(DATA UNDER STUDY begins)

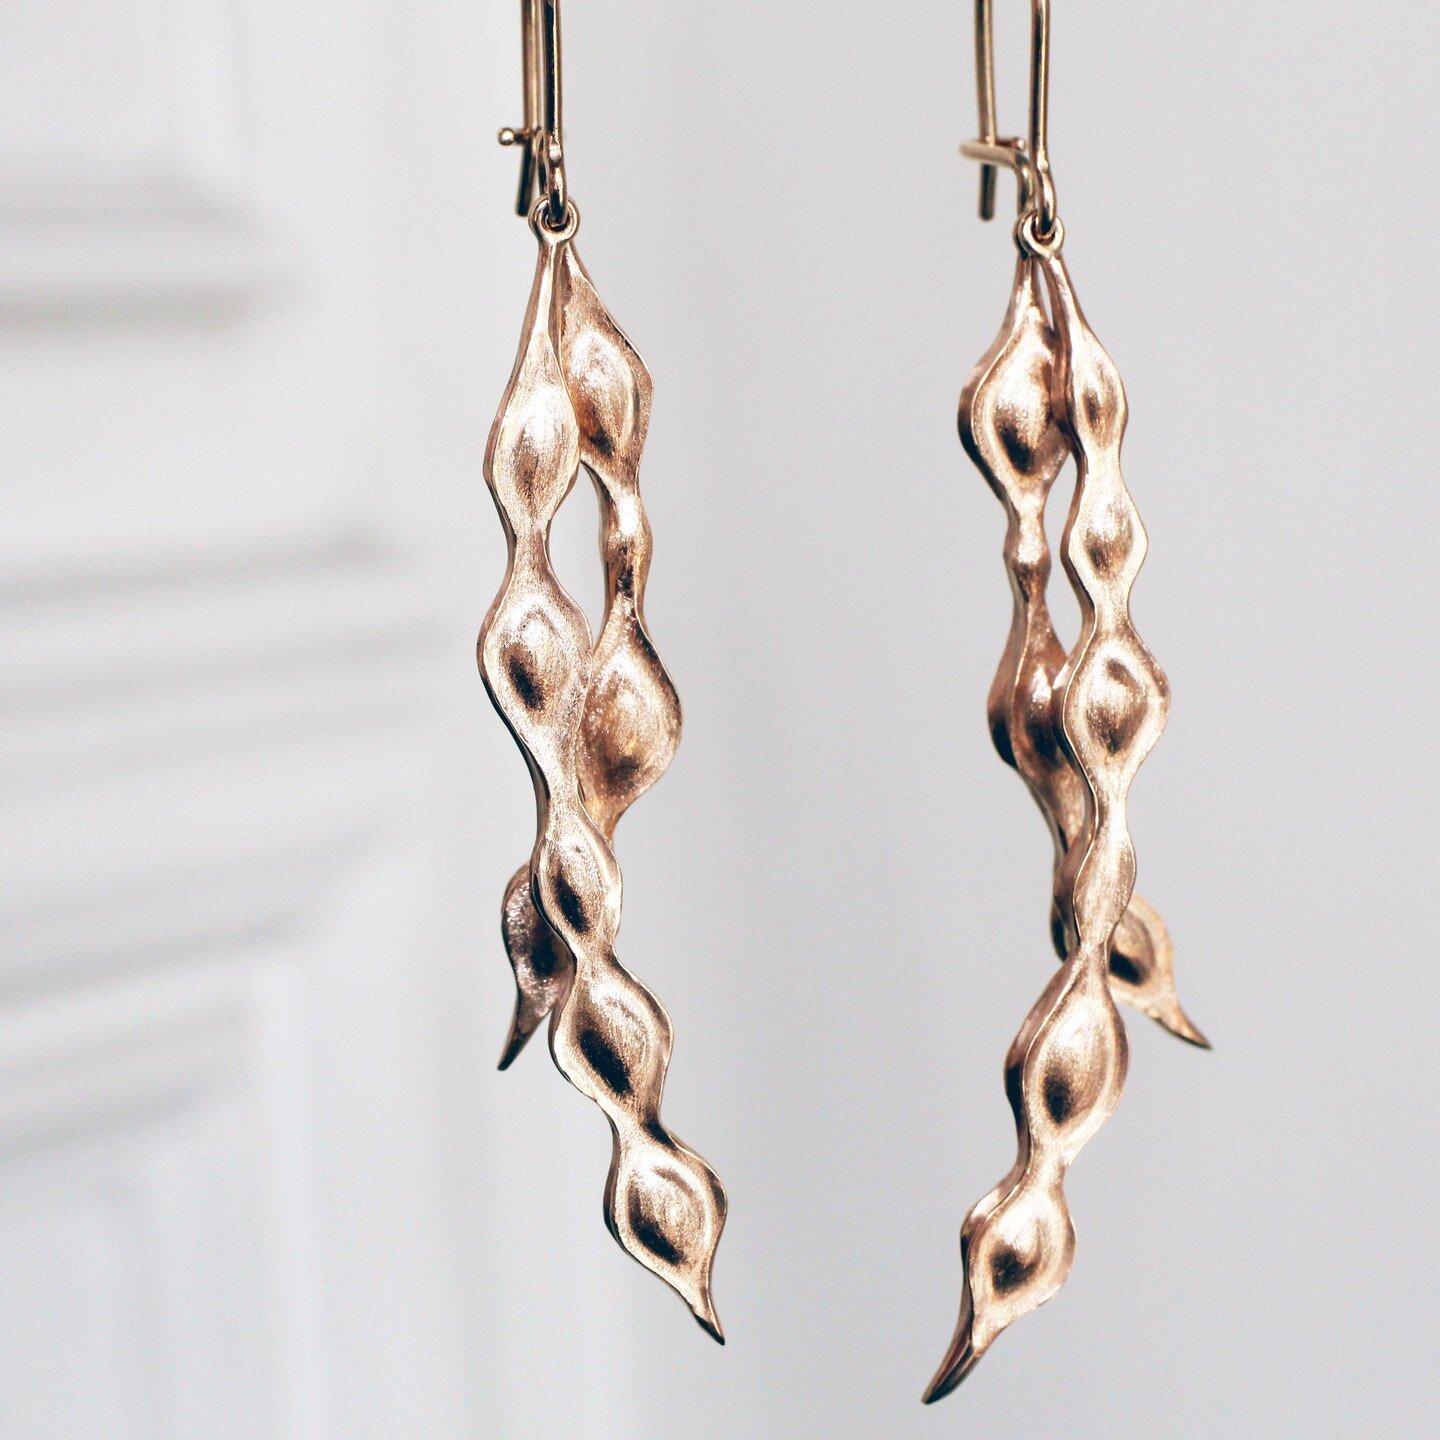 We loved creating these beautiful, bespoke earrings, inspired by Kōwhai pods 🤩
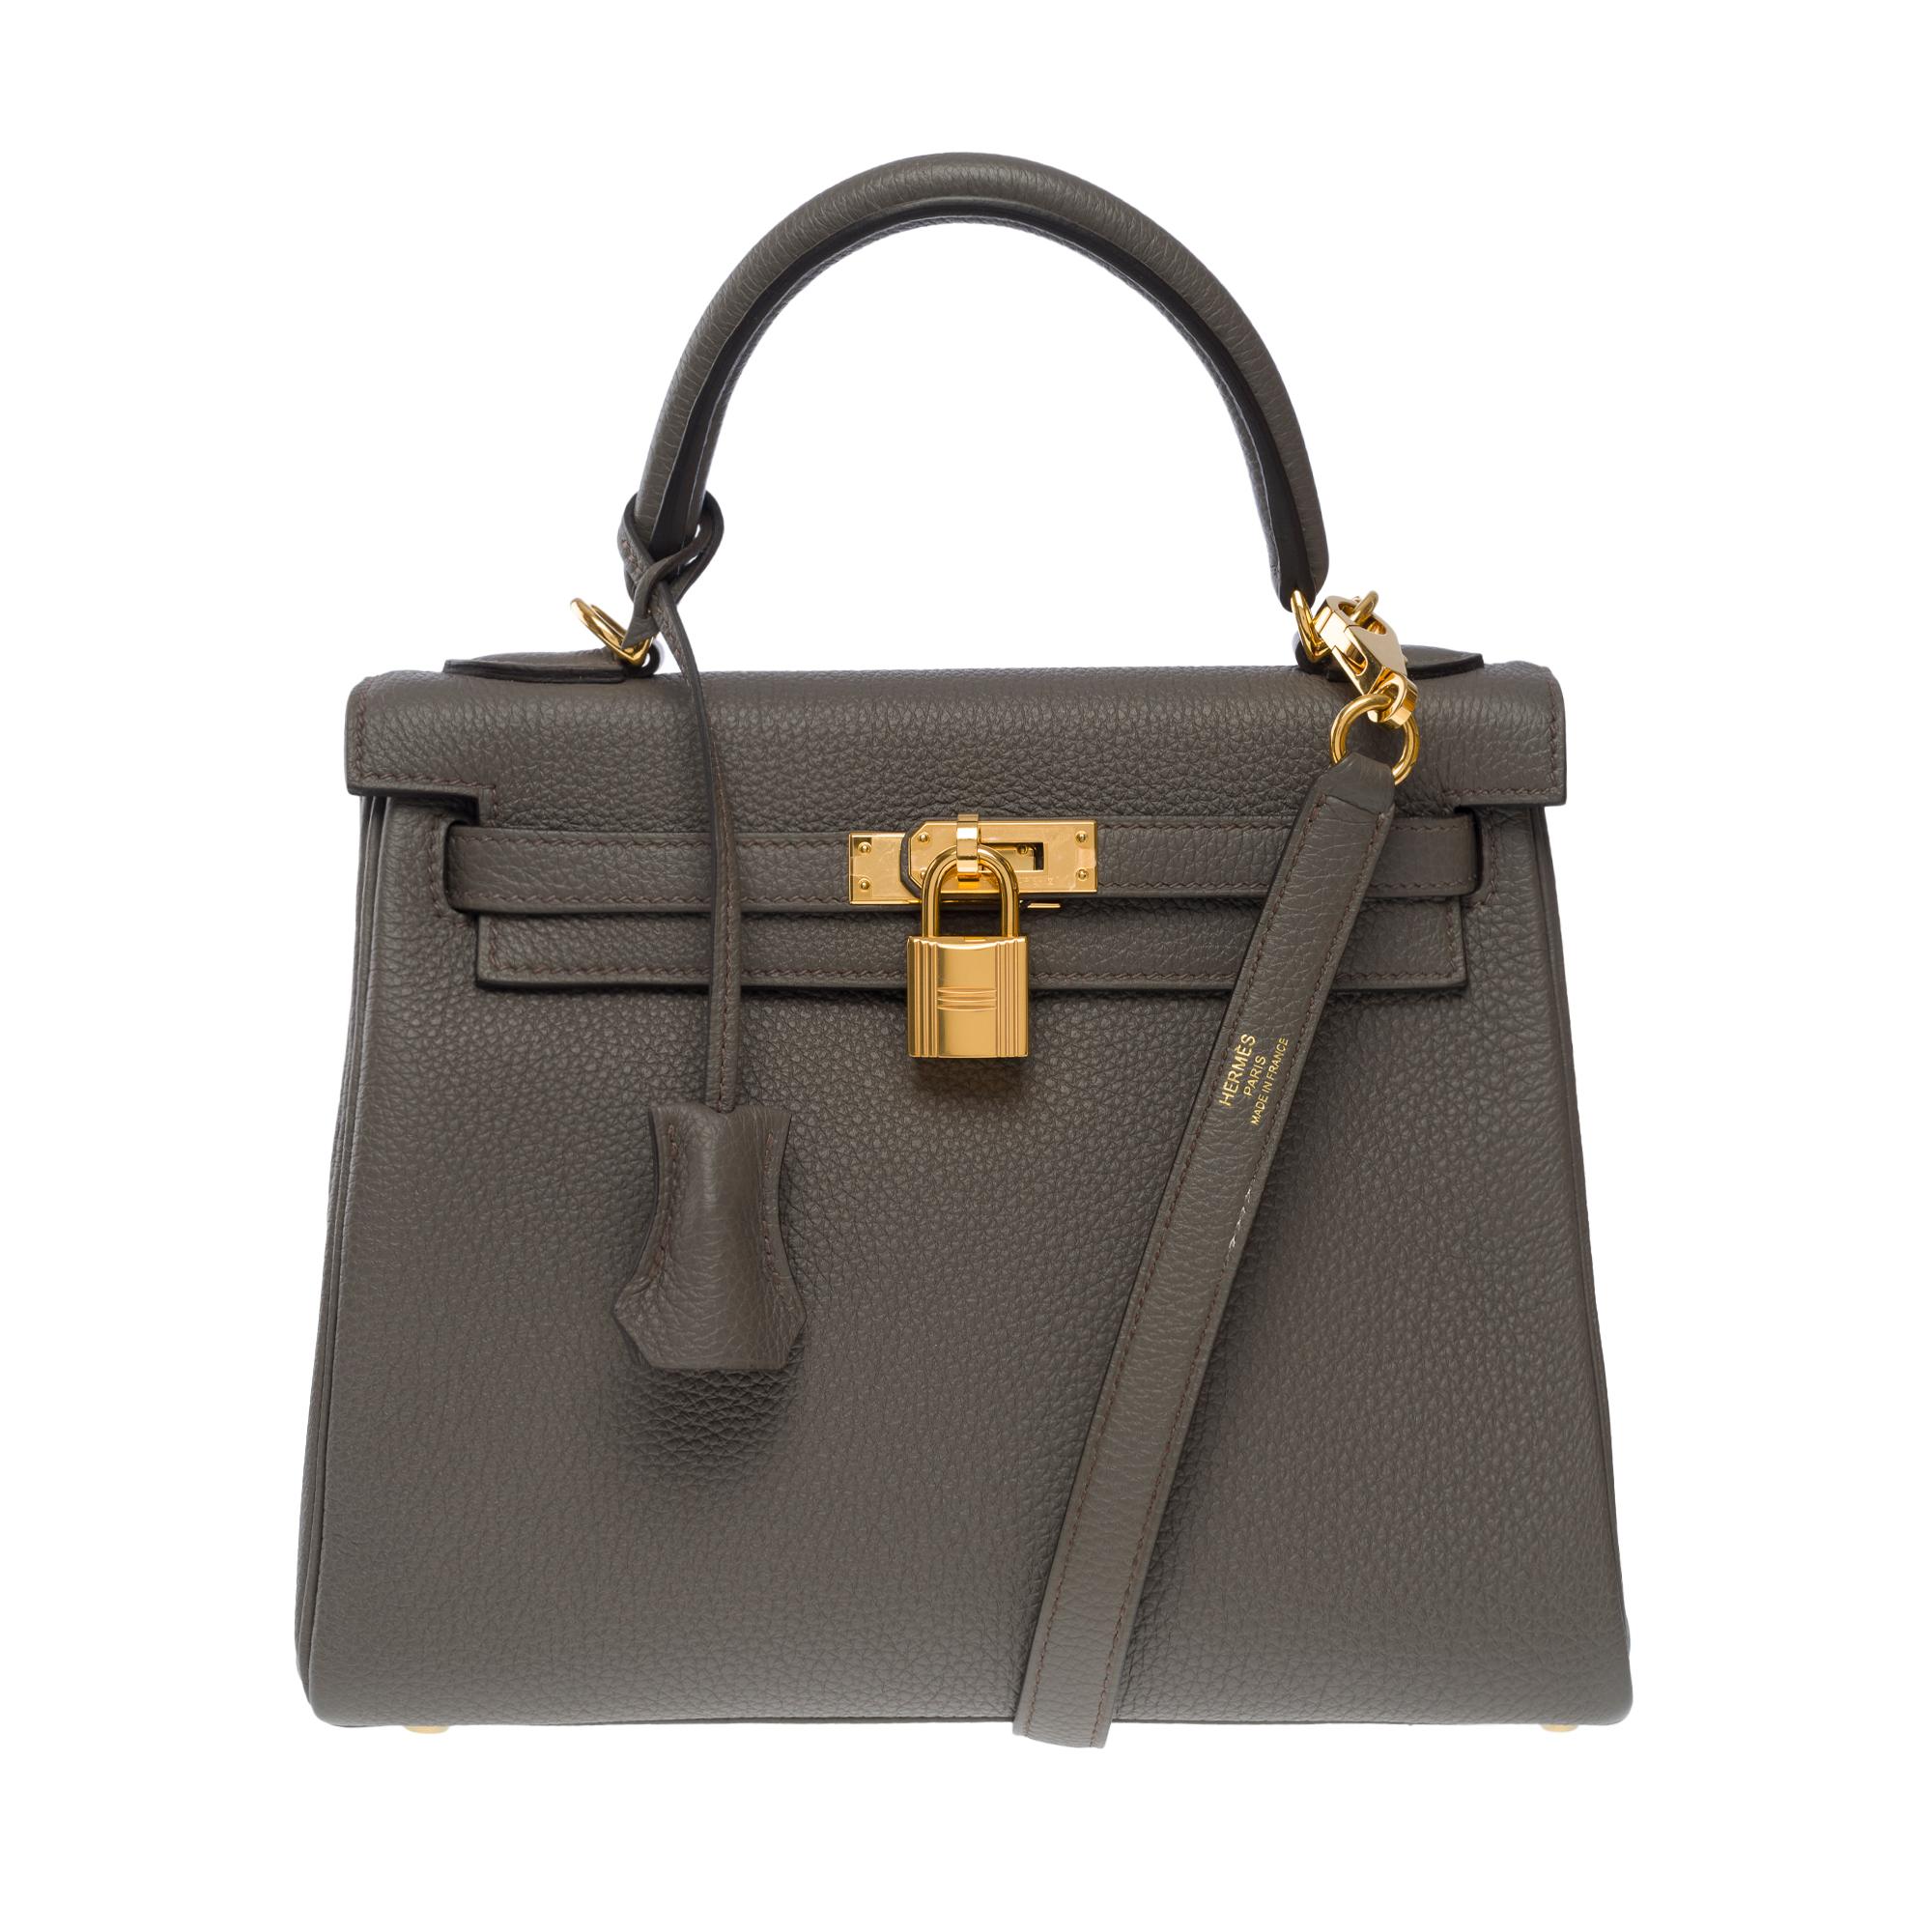 Amazing Hermes Kelly 25 retourne handbag strap in Togo grey Etain leather , gold plated metal hardware, simple handle in togo etain leather, a removable shoulder strap in togo grey etain leather for a hand or shoulder carry

Flap closure
Inner
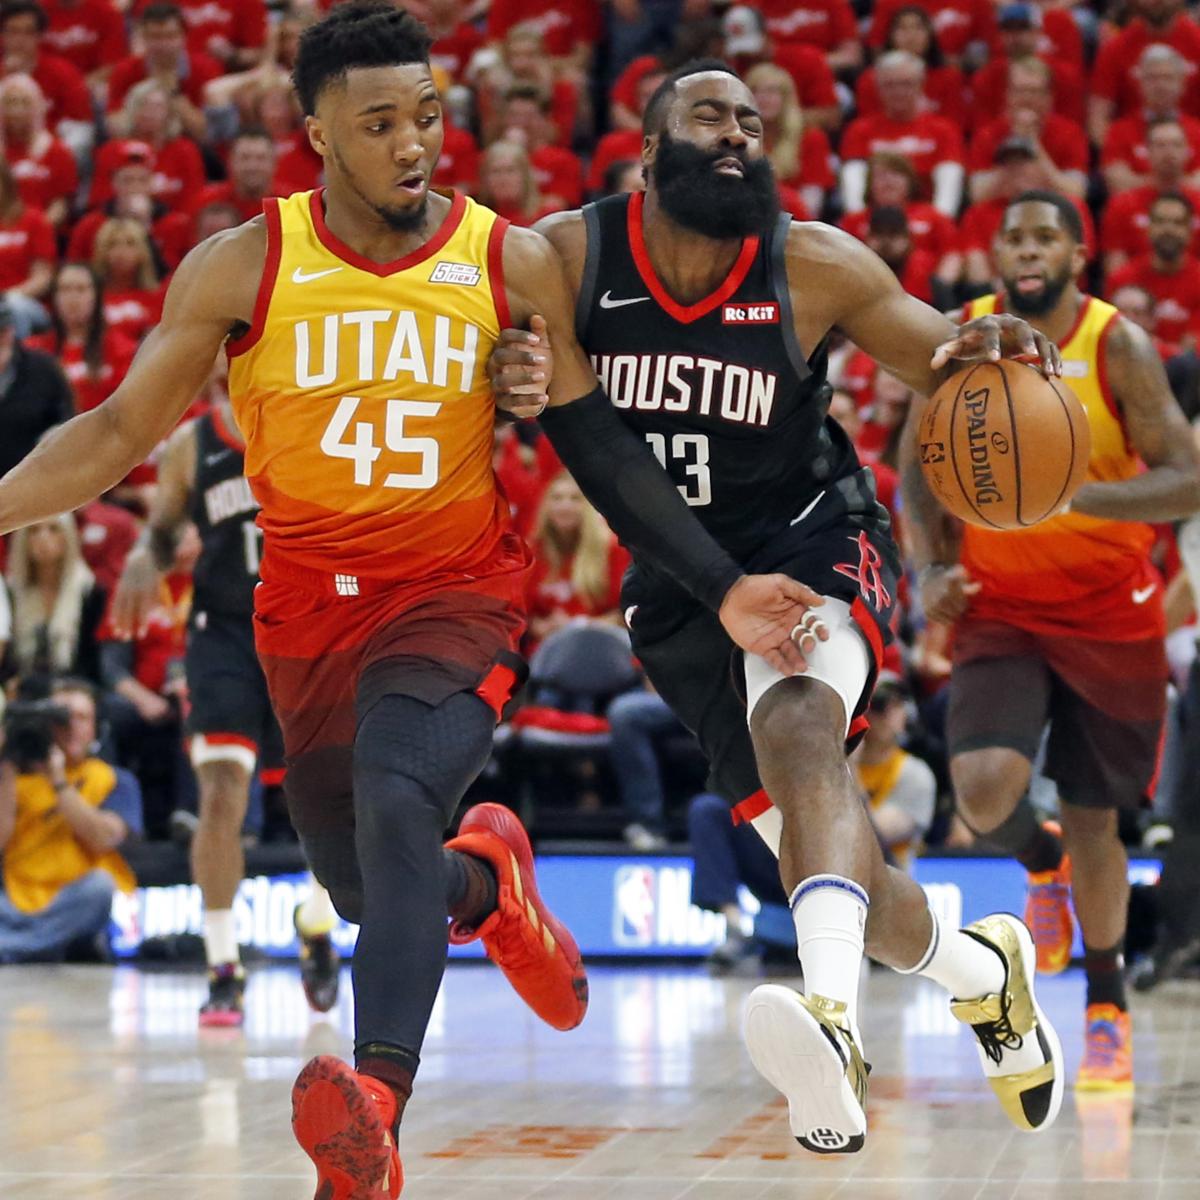 NBA Playoffs 2019: Updated Championship Odds, Bracket Picture and

(DATA UNDER STUDY ends)

> [WHAT NEEDS TO BE DONE]
Restate the data above word for word. Skip every picture.

> [RESULT]
 We loved creating these beautiful, bespoke earrings, inspired by Kōwhai pods 🤩
 Amazing Hermes Kelly 25 retourne handbag strap in Togo grey Etain leather , gold plated metal hardware, simple handle in togo etain leather, a removable shoulder strap in togo grey etain leather for a hand or shoulder carry

Flap closure
Inner
 NBA Playoffs 2019: Updated Championship Odds, Bracket Picture and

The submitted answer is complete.